Il 10 aprile scorso ha avuto luogo la presentazione del progetto di diploma degli allievi della Scuola superiore medico-tecnica di Lugano (SSMT). Una mattinata interessante che ha dato ai presenti modo di riflettere su molte tematiche.

Cuore del progetto era la Residenza Emmi, nata «Casa per persone anziane», un progetto realizzato tra il 1959 e il 1975 e gestito da una cooperativa di sole donne. Si tratta di una casa di 20 appartamenti, 16 monolocali e 4 bilocali, pensata per persone in difficoltà finanziarie e beneficiarie solo dell’AVS.
La presentazione del progetto, molto dinamica, è avvenuta in forma di intervista: alcuni degli allievi si sono improvvisati giornalisti e presentatori e hanno posto le loro domande in un primo tempo ai colleghi, che recitavano la parte delle fondatrici e degli inquilini della casa, e poi ad una serie di esperti per approfondire le diverse tematiche.

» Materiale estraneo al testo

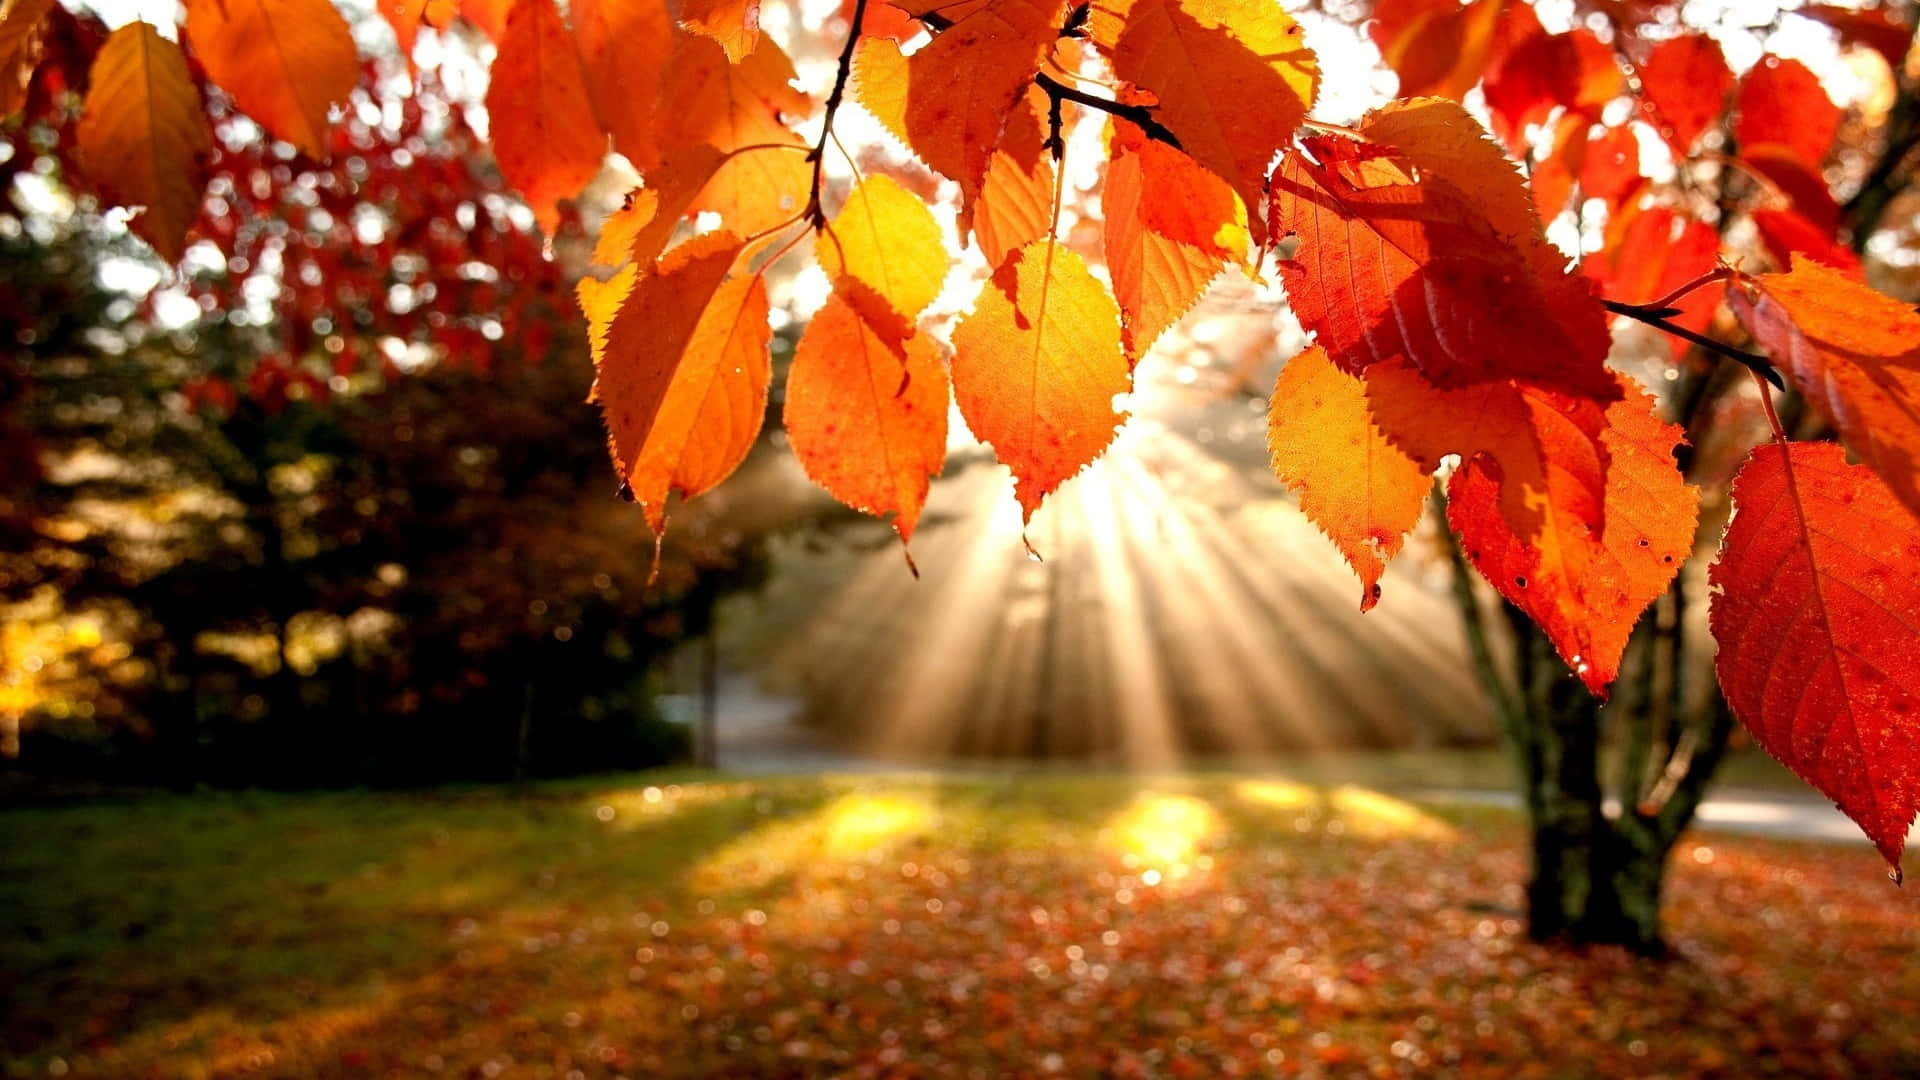 Enjoy the beauty of nature in #coolfall Wallpaper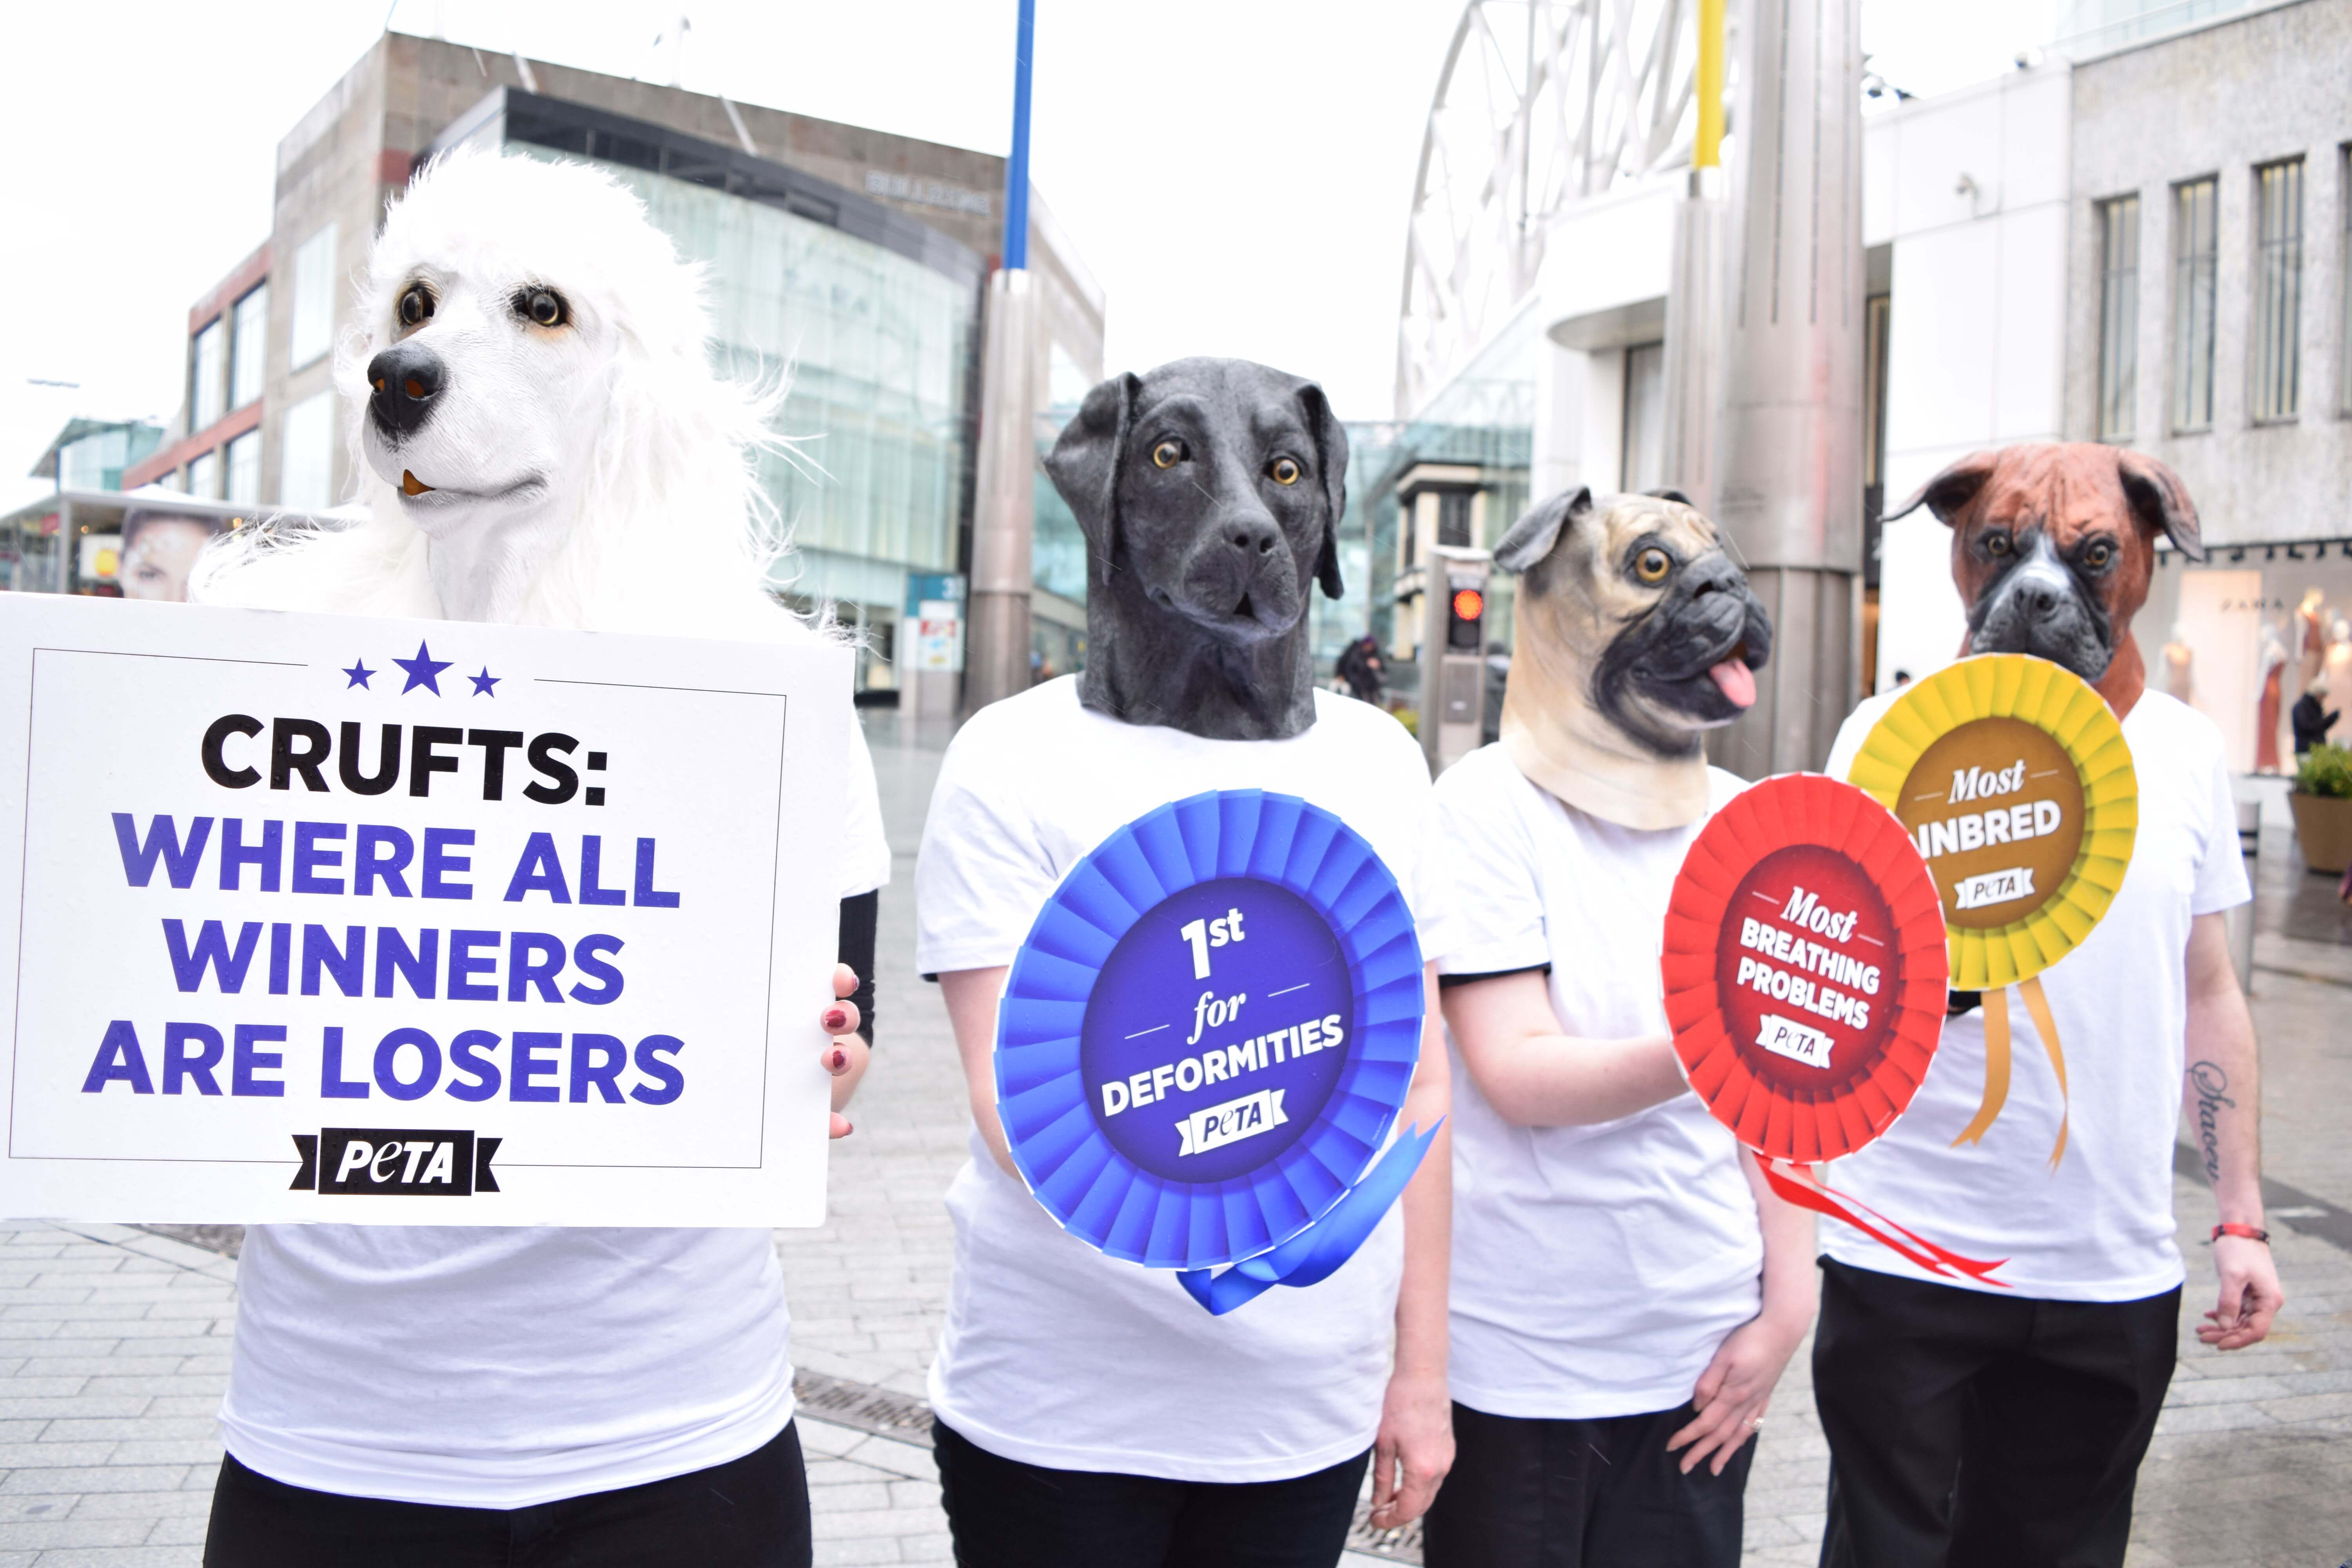 Photos 'Dogs' Protest Crufts With Most Inbred And 1st For Deformities

La cooperativa Residenza Emmy ha dato infatti modo di ragionare su vari temi. In primo luogo, inevitabilmente, varie questioni relative alla condizione dell’anziano. Il progetto è nato infatti con l’intento di sostenere gli anziani che potevano far capo solo all’Avs che non era sufficiente per coprire il costo di un affitto al normale prezzo di mercato, e che altrimenti avrebbero avuto come unica alternativa quella del ricovero. La Residenza Emmy ha offerto fin dall’inizio prezzi moderati e molto di più. Il progetto si basava infatti sulla creazione di una comunità di anziani che potevano condividere momenti in comune, pur godendo della propria autonomia: la struttura comprendeva anche una sala comune per ritrovi, feste e conferenze.
La storia di questo progetto ha dato anche modo di riflettere sul ruolo e la condizione delle donne. La residenza Emmy è stata infatti concepita da Emma Degoli che insieme a Maria Luisa Albrizzi e Iva Cantoreggi si riunirono in associazione. È un progetto tutto al femminile, pensato e realizzato in un periodo nel quale le donne in Ticino non avevano diritto al voto e le donne sposate non potevano apporre la propria firma sui documenti senza il consenso del marito. Durante la discussione è stato più volte messo in luce il fatto che il progetto fu portato avanti con le firme di Maria Albrizzi, che non era sposta.
La parte più complessa del progetto è stata certamente il reperimento dei fondi necessari che durò molti anni. La città di Lugano decise di mettere a disposizione il terreno sul quale sorge la struttura. Il denaro necessario venne invece raccolto tra le numerose associazioni femminili attive in quegli anni e le loro associate. Si contano anche notevoli donazioni.
L’edificio, risalente agli anni ‘70, ha ora bisogno di una ristrutturazione e il Consiglio di amministrazione recentemente nominato ha deciso di riorganizzare la gestione e l’attività della casa.
La situazione degli anziani è evoluta rispetto agli anni ‘70 e i loro bisogni sono cambiati. Nonostante questo tutti i partecipanti alla discussione organizzata dagli allievi della SSMT hanno confermato che rimane negli anziani di oggi un forte bisogno di indipendenza e di autonomia ed il desiderio di restare nella propria casa per essere attivi e poter mantenere le proprie abitudini.
In questo sono molto di aiuto i servizi di assistenza e cura a domicilio, ma sarebbe importante continuare nella direzione proposta, in modo pionieristico, dalle ideatrici del progetto già più di cinquant’anni fa. Creare cioè delle case «per abitare bene a tutte le età», come si è detto durante l’incontro, nelle quali si possa coniugare il bisogno di indipendenza con la possibilità di incontrarsi ed instaurare legami di amicizia.
Complimenti dunque agli allievi della SSMT e ai loro insegnanti per l’ottimo lavoro svolto.